With that SDK the submission of a Job is as simple as shown in the following lines of code:

var geresServiceClient = new GeresAzureAdServiceClient
                            (
                                baseUrl,
                                azureAdTenant,
                                azureAdWebApiId
                            );

geresServiceClient.Authenticate(clientId, clientSecret).Wait();

var newJob = new Job
{
    JobType = "FinancialYearEnd",
    JobName = "Job Display Name",
    TenantName = "YourTenant",
    JobProcessorPackageName = "yourjobpackage.zip",
    Parameters = "any parameters you need to pass in"
};

string jobId = geresServiceClient.Management.SubmitJob(newJob, batchId).Result;

This leads to the execution of a job in the GeRes2 system on a worker. The status of a job can be tracked in two ways:

– Through “near-real-time” notifications via SignalR and/or Service Bus.
– By polling the monitoring API of GeRes2.

Setting up notifications with SignalR can happen through the client-SDK, directly, as shown in the following code-snippet:

//
// Setup notification handlers
//
geresServiceClient.Notifications.JobStarted += (sender, args) =>
{
    // ...
};
geresServiceClient.Notifications.JobProgressed += (sender, args) =>
{
    // ...
};
geresServiceClient.Notifications.JobCompleted += (sender, args) =>
{
    // ...
};

//
// Connect to the SignalR Hub
//
geresServiceClient.Notifications.Connect().Wait();

//
// Schedule jobs and subscribe to job notifications
//
string jobId = geresServiceClient.Management.SubmitJob(newJob, batchId).Result;
geresServiceClient.Notifications.SubscribeToJob(jobId);

As mentioned, there’s also the option to query the status of jobs manually. The status of jobs is kept in an Azure-table. Of course you can query that table, directly since you are in full control of your GeRes2 deployment. But we’ve created a WebAPI and a corresponding client-API that should make it a bit easier for you as shown below:

var batchesTask = geresServiceClient.Monitoring.GetBatches();

geresServiceClient.Monitoring.PageSize = pageSize;
var jobsList = geresServiceClient.Monitoring.GetJobsFromBatch(batchIdToGetJobs);

var jobDetails = geresServiceClient.Monitoring.GetJobDetails(j.JobId);

Final remarks:

We’ve created GeRes2 based on concrete partner projects we’ve been involved into across the world. They all started implementing the pattern outlined above manually and it always turned out it is a whole lot of work that needs to get done.

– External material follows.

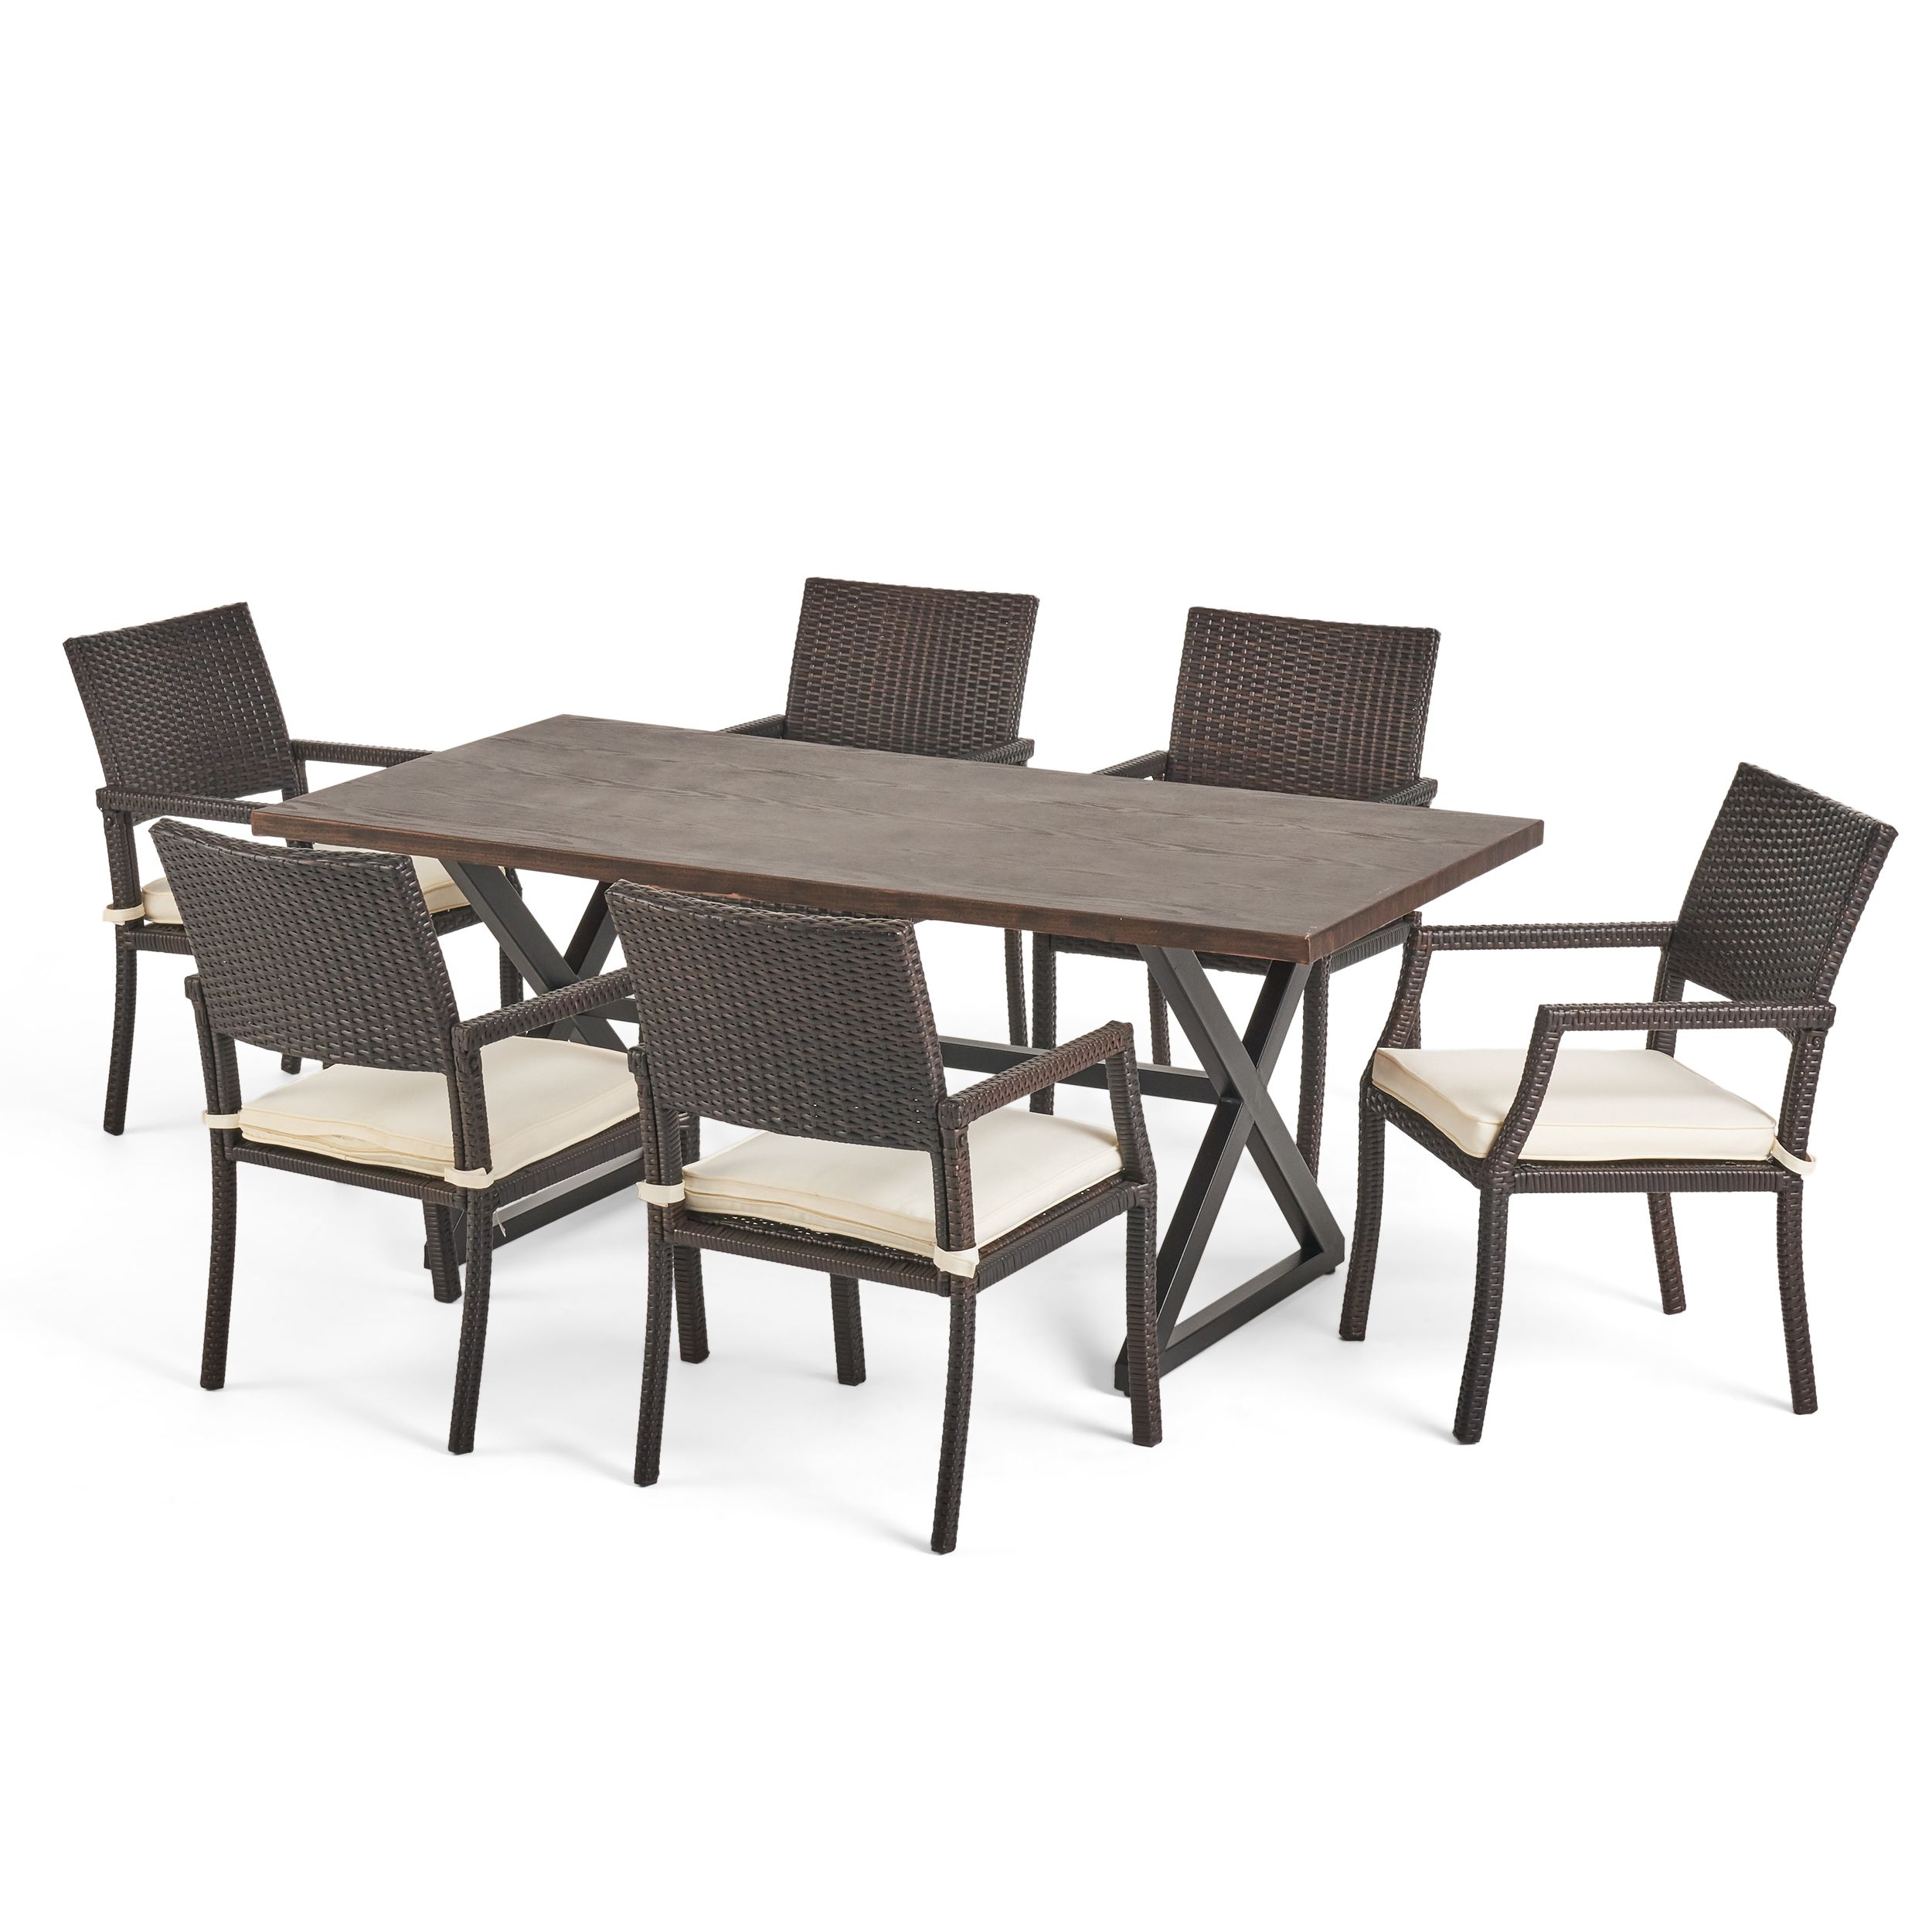 Outdoor 7 Piece Aluminum Dining Set With Wicker Dining Chairs And Regarding Famous White Outdoor Patio Dining Sets (View 15 of 15)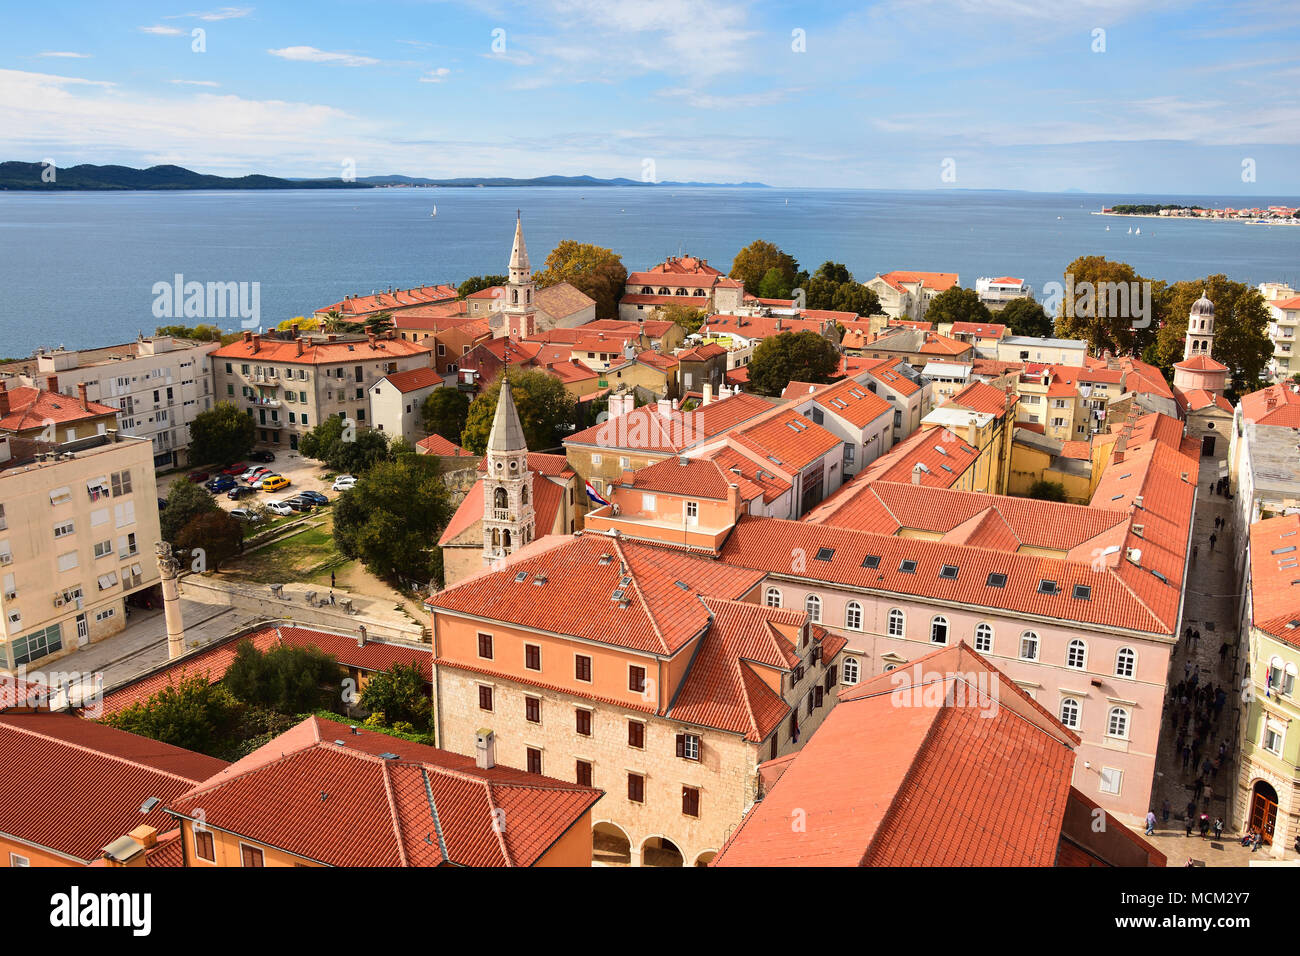 Aerial view of Zadar - famous historic Croatian city. Stock Photo

GeRes2 implements a simple set of batch-processing features we’ve seen a lot with partners across the world. Of course it is not a full-blown HPC or batch-processing/job-scheduling platform. It covers simple yet often required scenarios. Nevertheless, what I can confirm is that we’ve partners who are using GeRes2 with > 100 job execution instances and tested way above 100 instances (to be precise: with 800 instances; but note that the built-in AutoScaler works up to 100 instances, only, but is not required to be used, either).

If you’re interested, then go to our project workspace, download and play the source code, dig into our docs and share feedback if you have.

http://geres2.codeplex.com
is where you can look for further details.

Have much fun and thanks for your interest!